How should I re-parameterize my model (or pick better priors)

I collected cells from 28 mice that received 6 different treatments (3-5 per group).
The number of cells I collected is highly variable across treatments; one group only has a couple hundred per animal, and some have a few million.

I’m trying to build a multi-level model with a random effect for each animal.

So, something like:
Cells \sim Poisson (\lambda)
log(\lambda) = mu0 + bT[Treatment] + bM[Mice]

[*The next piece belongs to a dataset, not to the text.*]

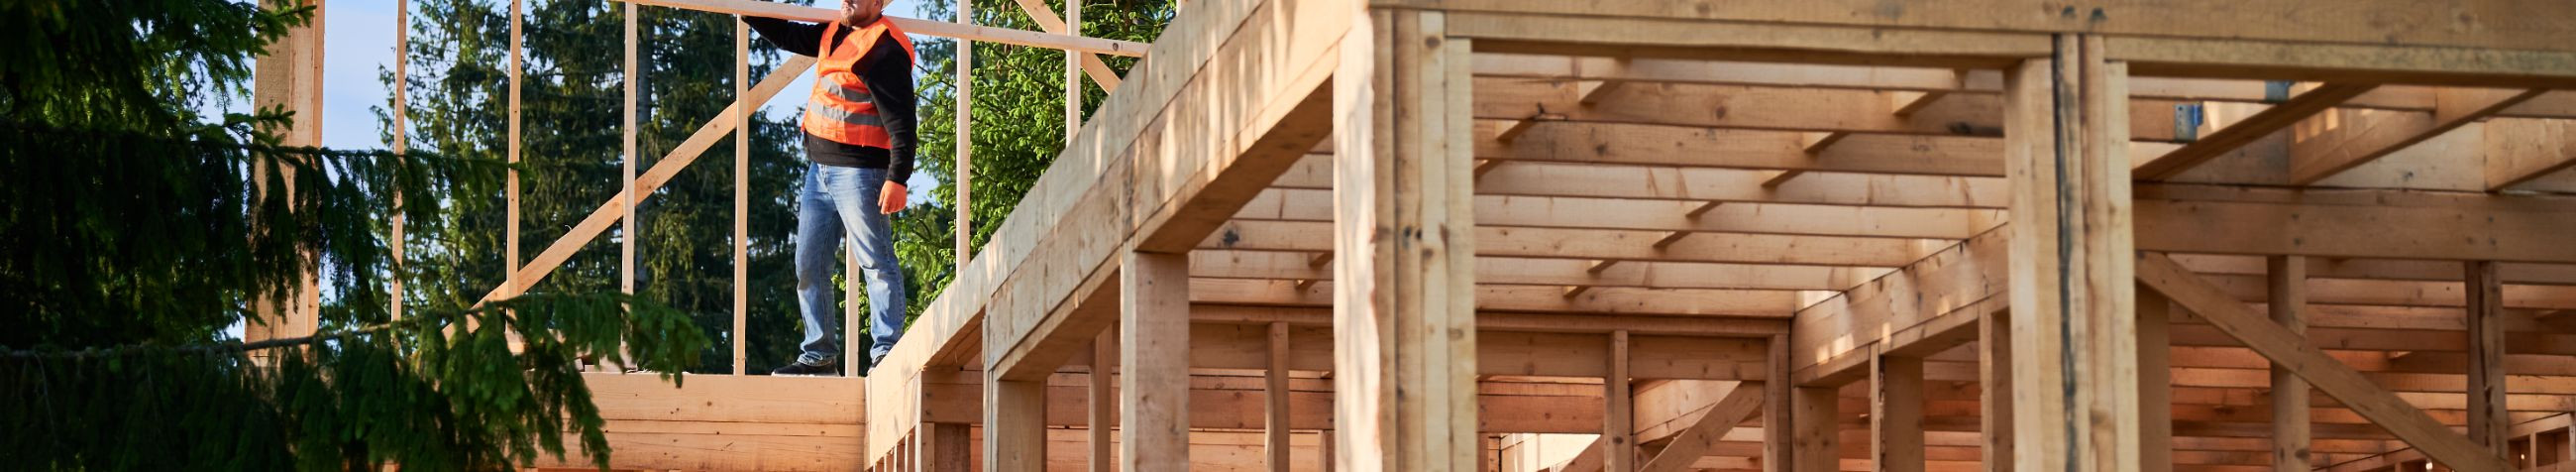 Eesti kapitalil põhinev ehitusfirma, mis on spetsialiseerunud kvaliteetsete väikeelamute ehitamisele ja pakub laia valikut ehitusteenuseid, keskendudes samal ajal eramute ehitusele.

The thing is, I cannot get the model to converge.

My model looks like

data{
    int Cells[28];
    int Treatment[28];
    int Mice[28];
}
parameters{
    real<lower=0> mu0;
    vector[28] bM;
    vector[6] bT;
}
model{
    vector[28] mu;
    bT ~ normal( 0 , 6 );
    bM ~ normal( 0 , 2 );
    mu0 ~ gamma( 10/1 , 1/1 );
    
    for ( i in 1:28 ) {
        mu[i] = mu0 + bM[Mice[i]] + bT[Treatment[i]];
        mu[i] = exp(mu[i]);
    }
    Cells ~ poisson( mu );
}

Data from dput

structure(list(Cells = c(6227606, 5844779, 1338474, 10365562, 
6349543, 9831545, 10968084, 15513791, 2564861, 6725653, 1609213, 
716699, 991468, 822666, 521778, 11940, 345215, 42238, 7612, 10746, 
448, 448, 149, 597, 149, 14477, 1492, 7910), Mice = 1:28, Treatment = c(1, 
1, 1, 1, 1, 2, 2, 2, 2, 2, 5, 5, 5, 5, 5, 6, 6, 6, 6, 6, 4, 4, 
4, 4, 4, 3, 3, 3)), row.names = c(NA, -28L), class = c("tbl_df", 
"tbl", "data.frame"))

I think my priors are justifiable.

We typically expect to collect 0.5-20 million cells per mouse, so I think mu0~gamma(10, 1) is reasonable.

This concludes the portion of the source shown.